Бѣлкинъ заканчивалъ служебную поѣздку.
Время было къ награднымъ, и предоставлялся удобный случай еще разъ напомнить о себѣ. Третiй годъ все обѣщаютъ переводъ въ губернскiй городъ, гдѣ всякихъ прибавочныхъ рублей на пятьсотъ больше, а не даютъ! Чортъ знаетъ! Надо же, наконецъ, создать мало-мальски приличное положенiе и выбраться изъ глухой дыры!
Погода стояла отвратительная, оттепели и дожди изгрызли дороги, но Бѣлкинъ не смотрѣлъ на погоду. Онъ пересѣкъ уѣздъ по всѣмъ направленiямъ, побывалъ на фабрикахъ, отыскалъ массу нарушенiй, составилъ по селамъ съ дюжину протоколовъ, захватилъ въ Разгуляйкѣ телятника безъ документа и, совершенно разбитый дорогами, ночевками, сухомяткой и тоской по дому, приближался къ послѣднему намѣченному пункту − къ затерянному въ поляхъ паточному заводу.
Объ этомъ заводѣ имѣлся доносъ:
“…А особливо поимѣйте трахмальный заводъ, а то что жъ такое отношенiе, и намъ обидно. Проявитѣ служебное усмотрѣнiе”…
Только стало брезжить, товаро-пассажирскiй поѣздъ высадилъ Бѣлкина на глухой станцiи. Во всемъ вокзалѣ только и была живая душа − заспанный сторожъ, который тушилъ лампы. Стало извѣстно, что здѣсь и буфетишки-то нѣтъ, а не то что лошадей, и что до завода верстъ семь. Идти пѣшкомъ, да еще съ перегруженнымъ портфелемъ, было неудобно.
− Слава одна, что станцiя. Съ патокой вотъ ежели подъѣдутъ… Ффу!..
Погасла послѣдняя лампа, и теперь холодный голубой разсвѣтъ глядѣлъ въ мутныя стекла. Со стѣны отъ окна веселый толстякъ протягивалъ дымящуюся чашку. Но и здѣсь увидалъ только пустоту.
Черезъ дорогу глядѣлъ на него грязный домишко съ синей вывѣской чайной лавки.
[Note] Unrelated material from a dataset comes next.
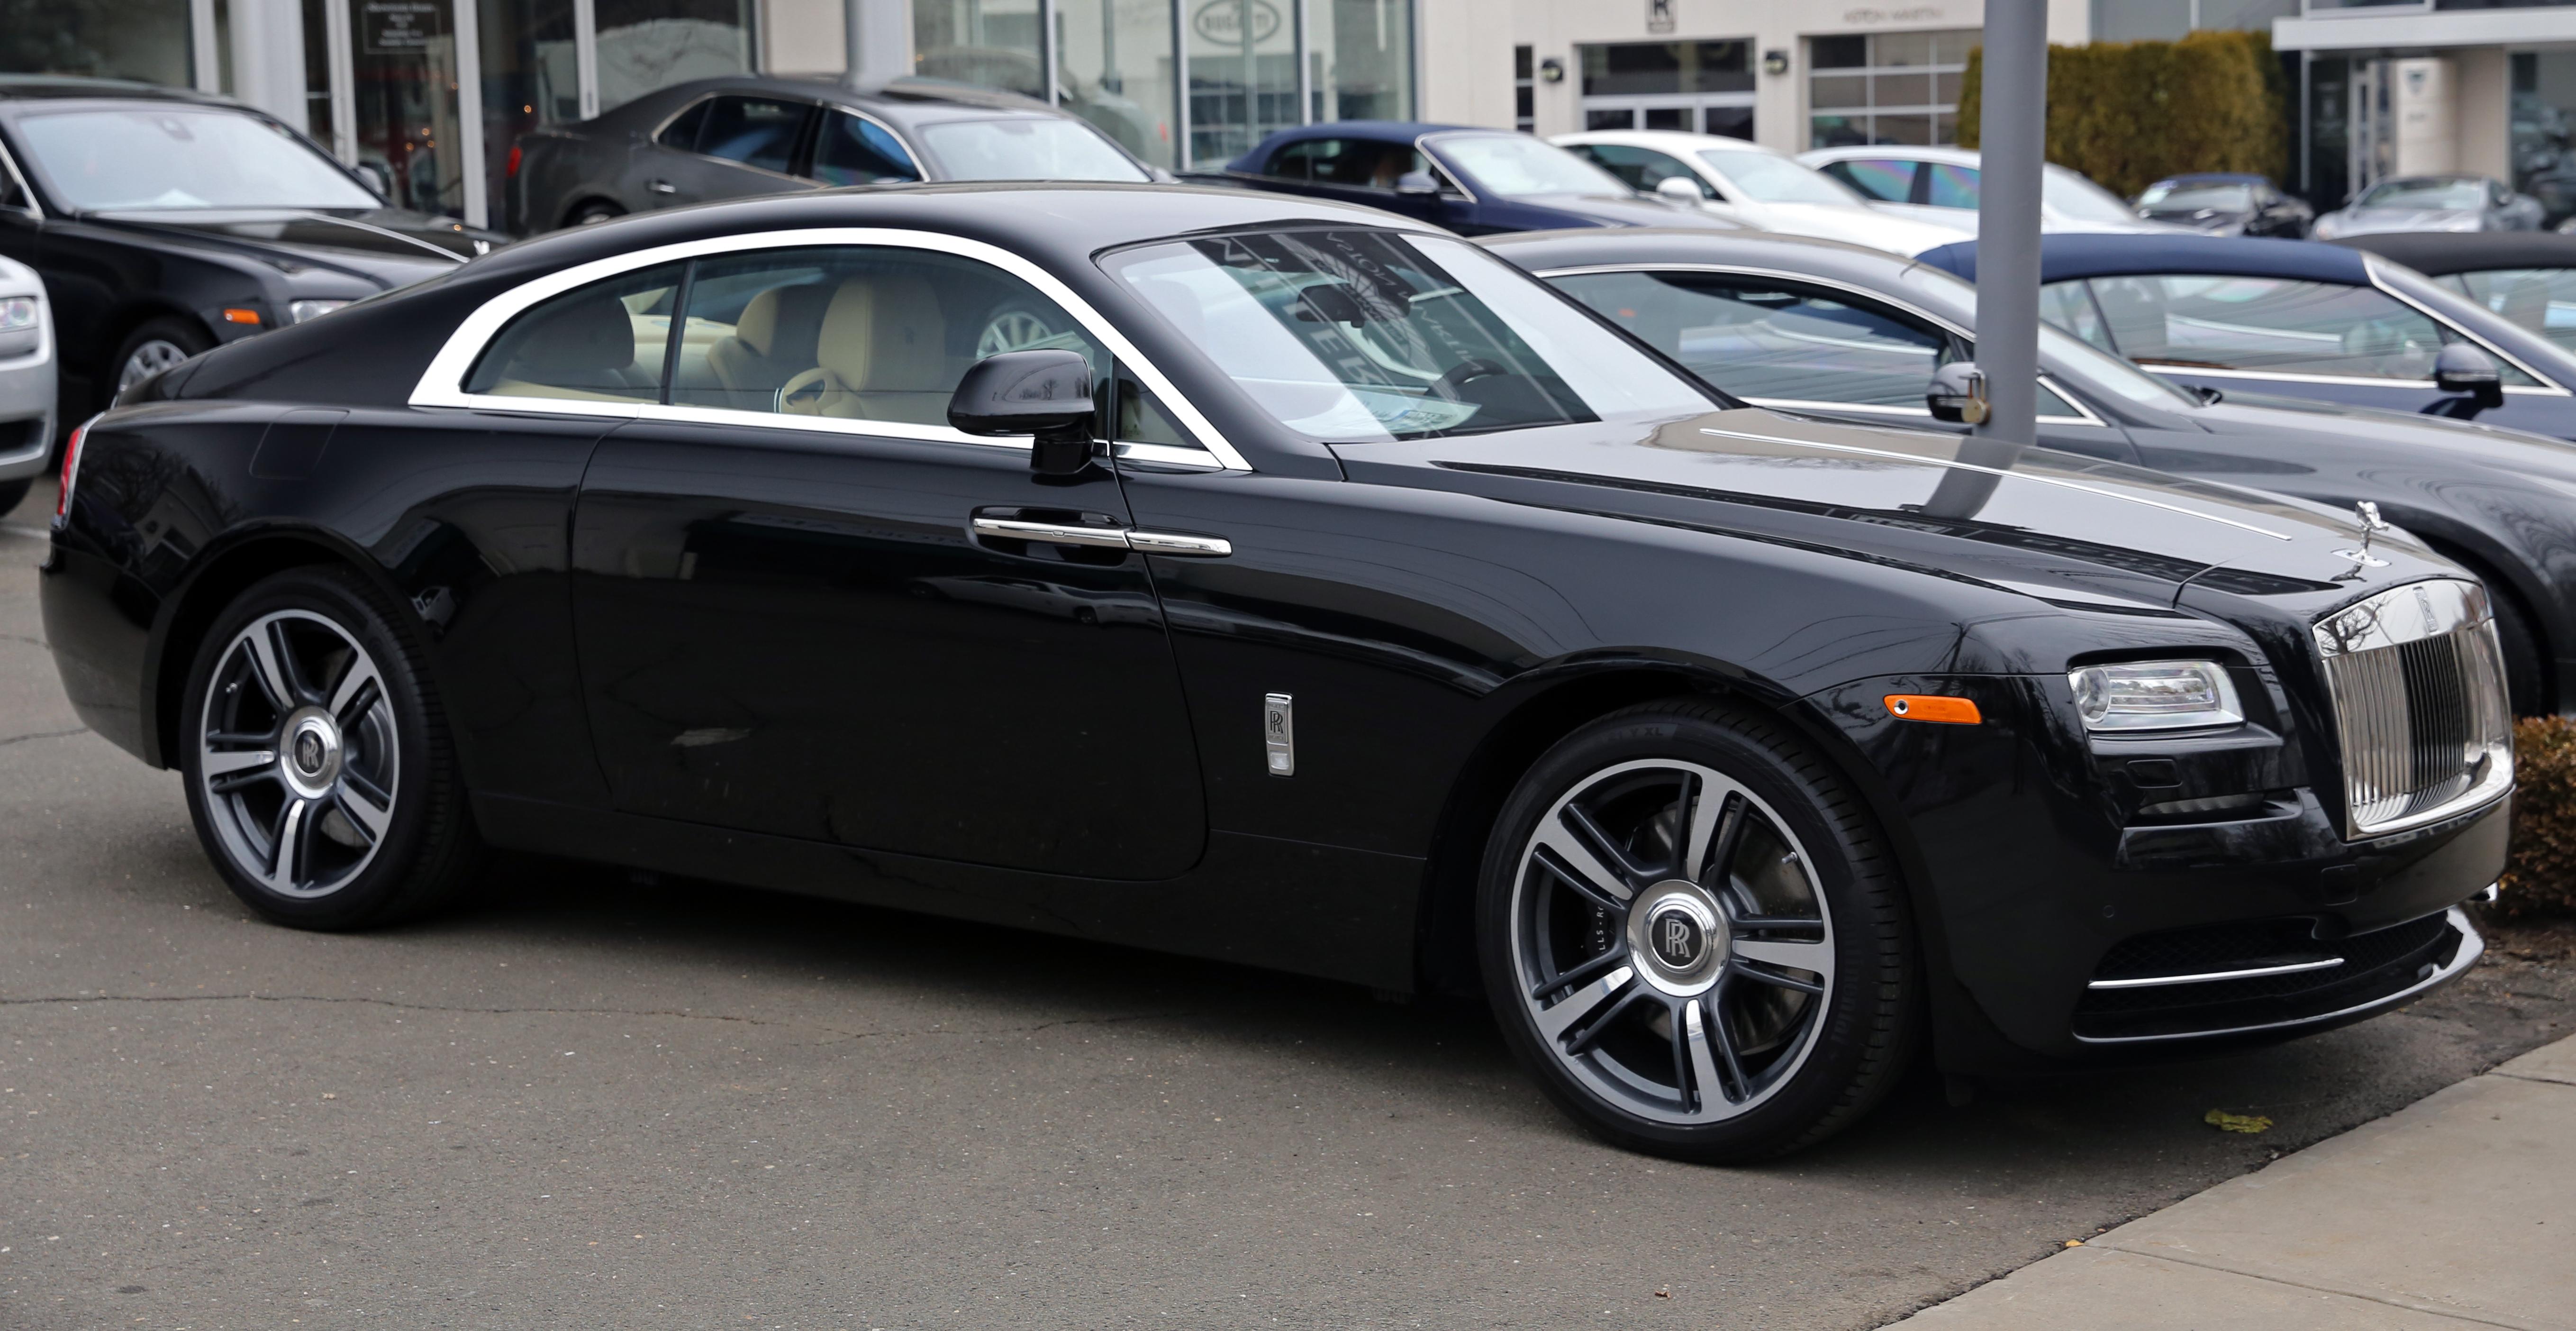 Rolls Royce Wraith Wikipedia 2014 Rolls-royce Wraith

Лѣниво тянулся въ мутное небо дымокъ. Гуси подбирали подъ водопойной колодой. Съ надсадомъ, перегибаясь, точно давила ее невидимая рука, каркала ворона къ снѣгу.
− А у чайника?
− Чего тамъ! Гуси одни…
Чаю напиться? Но вспомнилось, что жена просила беречься и не занести чего-нибудь дѣтямъ, потому что въ уѣздѣ скарлатина.
− Какъ тамъ у него… дѣти не болѣли?
− У Василь Митрева? Мальчикъ у него надысь померъ. Да кругомъ у насъ. У начальника теперь тоже…
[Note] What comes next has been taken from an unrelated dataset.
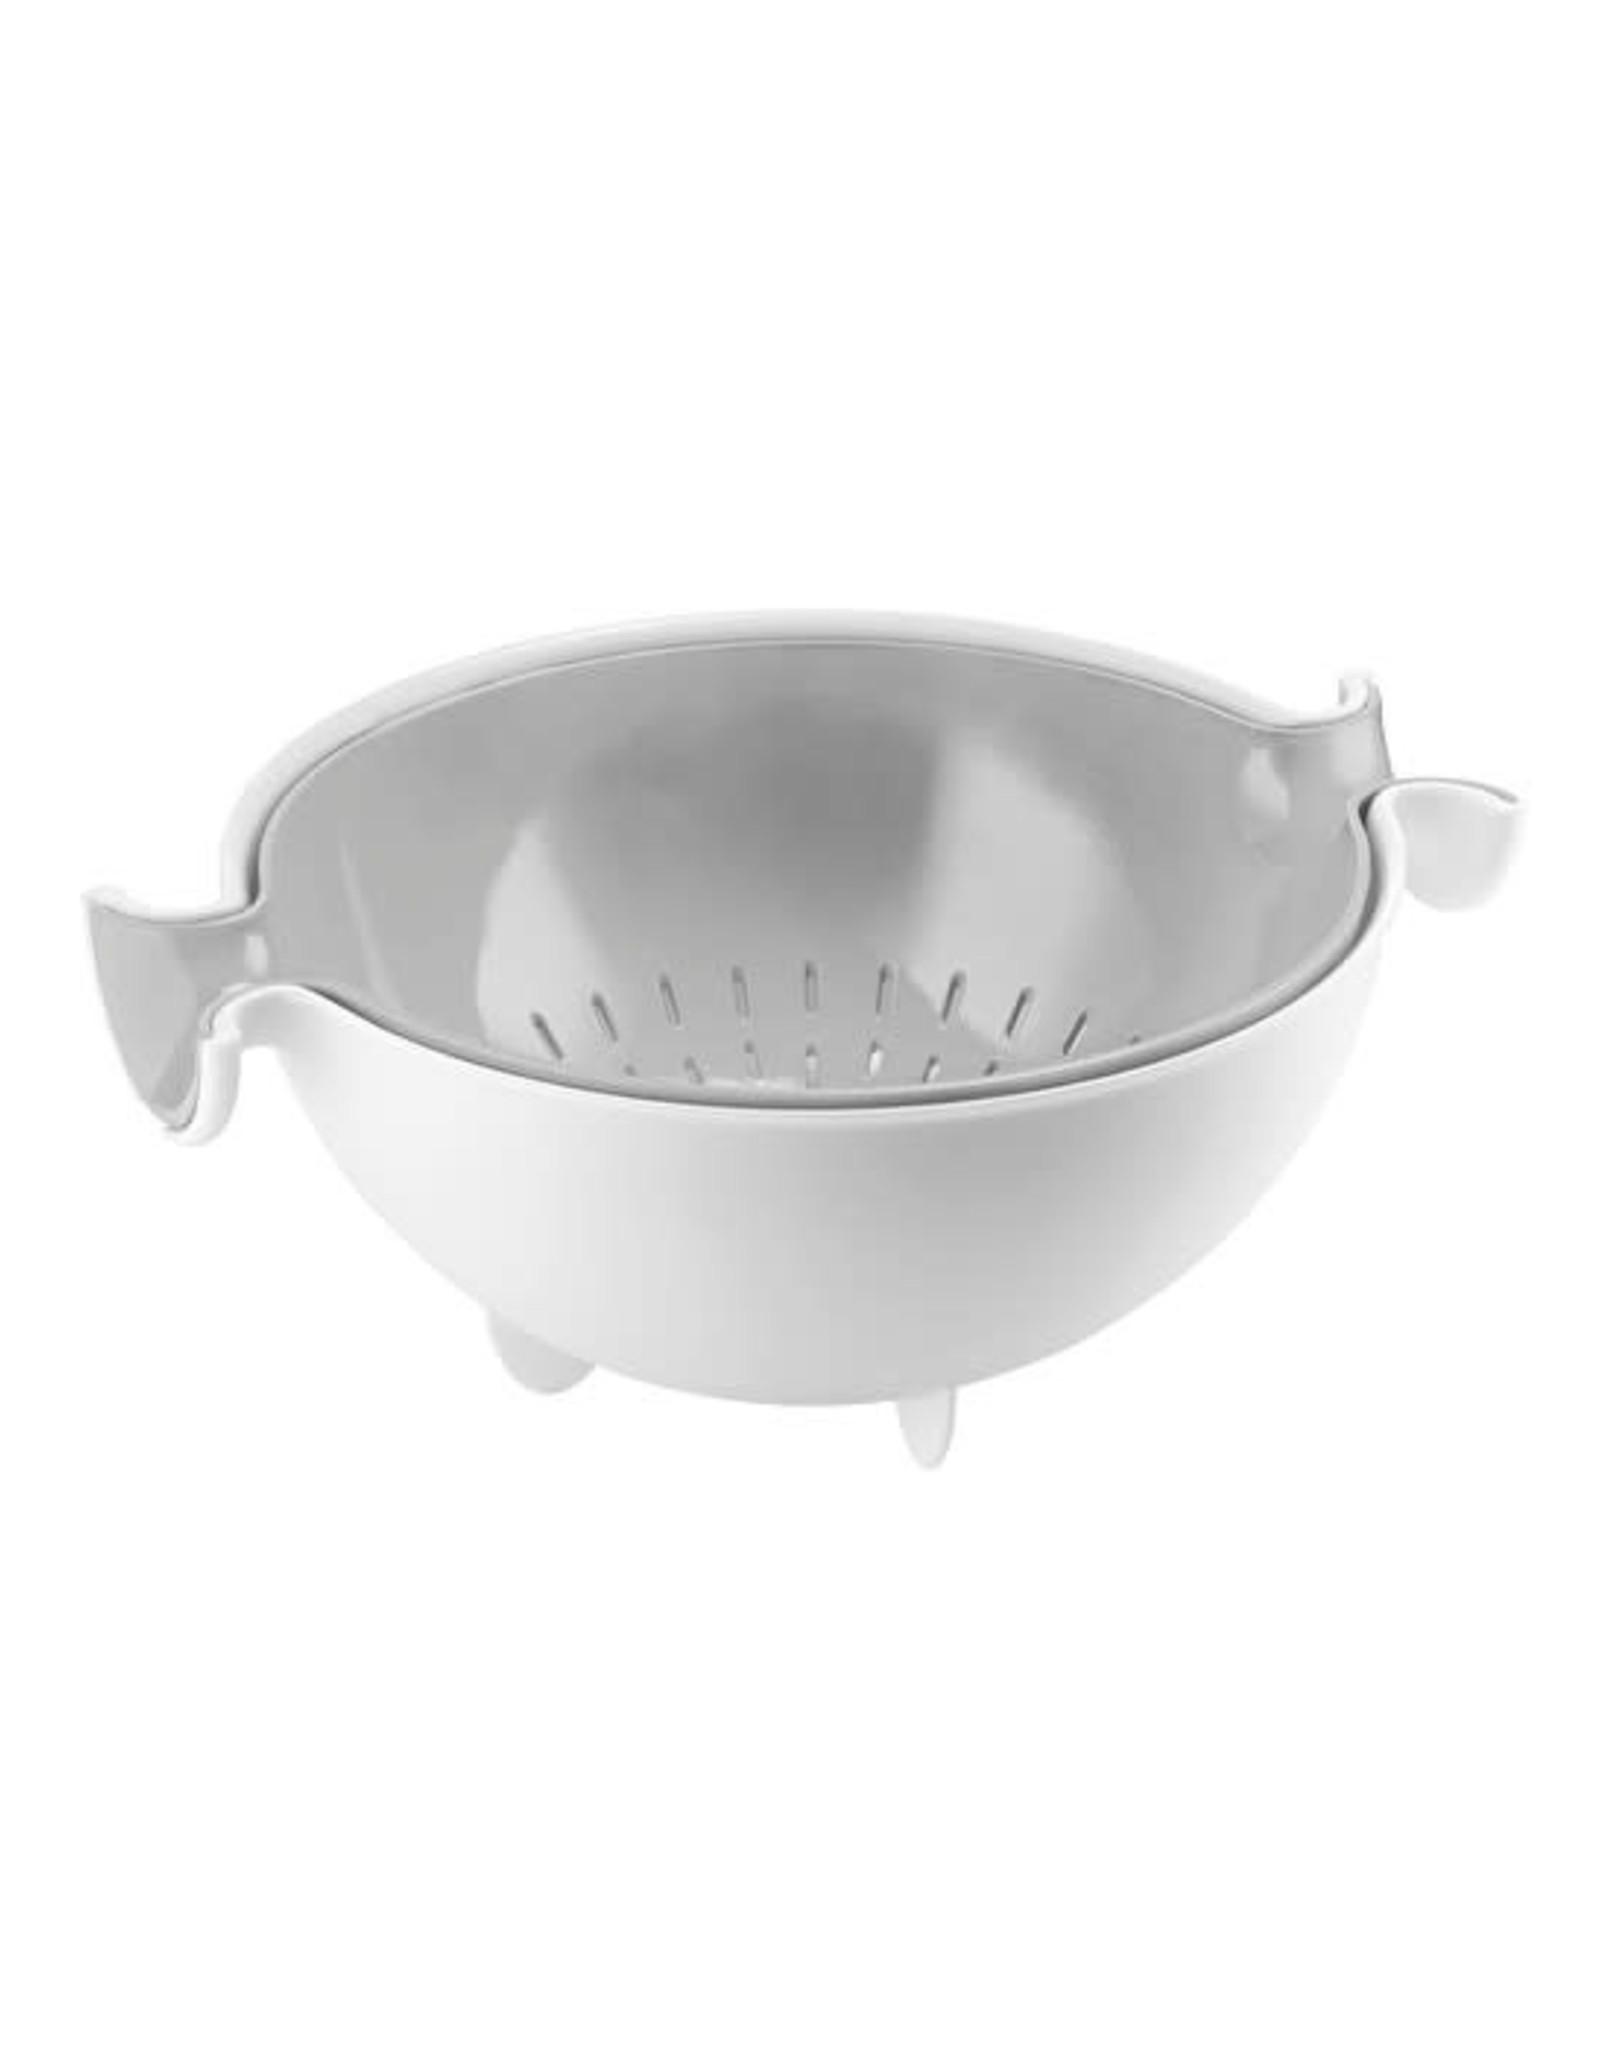 Guzzini My Kitchen Colander and Bowl Set Spin&Drain

Жутью повѣяло отъ сѣраго домишки и грязнаго снѣга.
Бѣлкинъ приказалъ отпереть чистый залъ, постоялъ у окна, увидалъ въ зеркало измятое желтое лицо и вышелъ на платформу.
Висѣли грузныя низкiя облака. Съ запаснаго пути чернымъ нутромъ глядѣлъ товарный вагонъ. На занесенныхъ снѣгомъ полѣнницахъ, за линiей, опять кричала ворона.
Прошелъ на другой конецъ платформы, къ грудѣ бѣлыхъ боченковъ. На днищахъ жирно стояло дегтемъ − “патока”. Смотрѣлъ, не ѣдутъ ли отъ завода, но пусто было въ бѣлыхъ поляхъ съ темнѣющей полосой дороги. Слушалъ капель.
И опять, какъ уже не разъ въ пути, думалъ, что за поганая его жизнь. Десять лѣтъ одно и одно. Если бы перебраться въ губернскiй городъ, тамъ все-таки… Не думалось дальше. А тутъ…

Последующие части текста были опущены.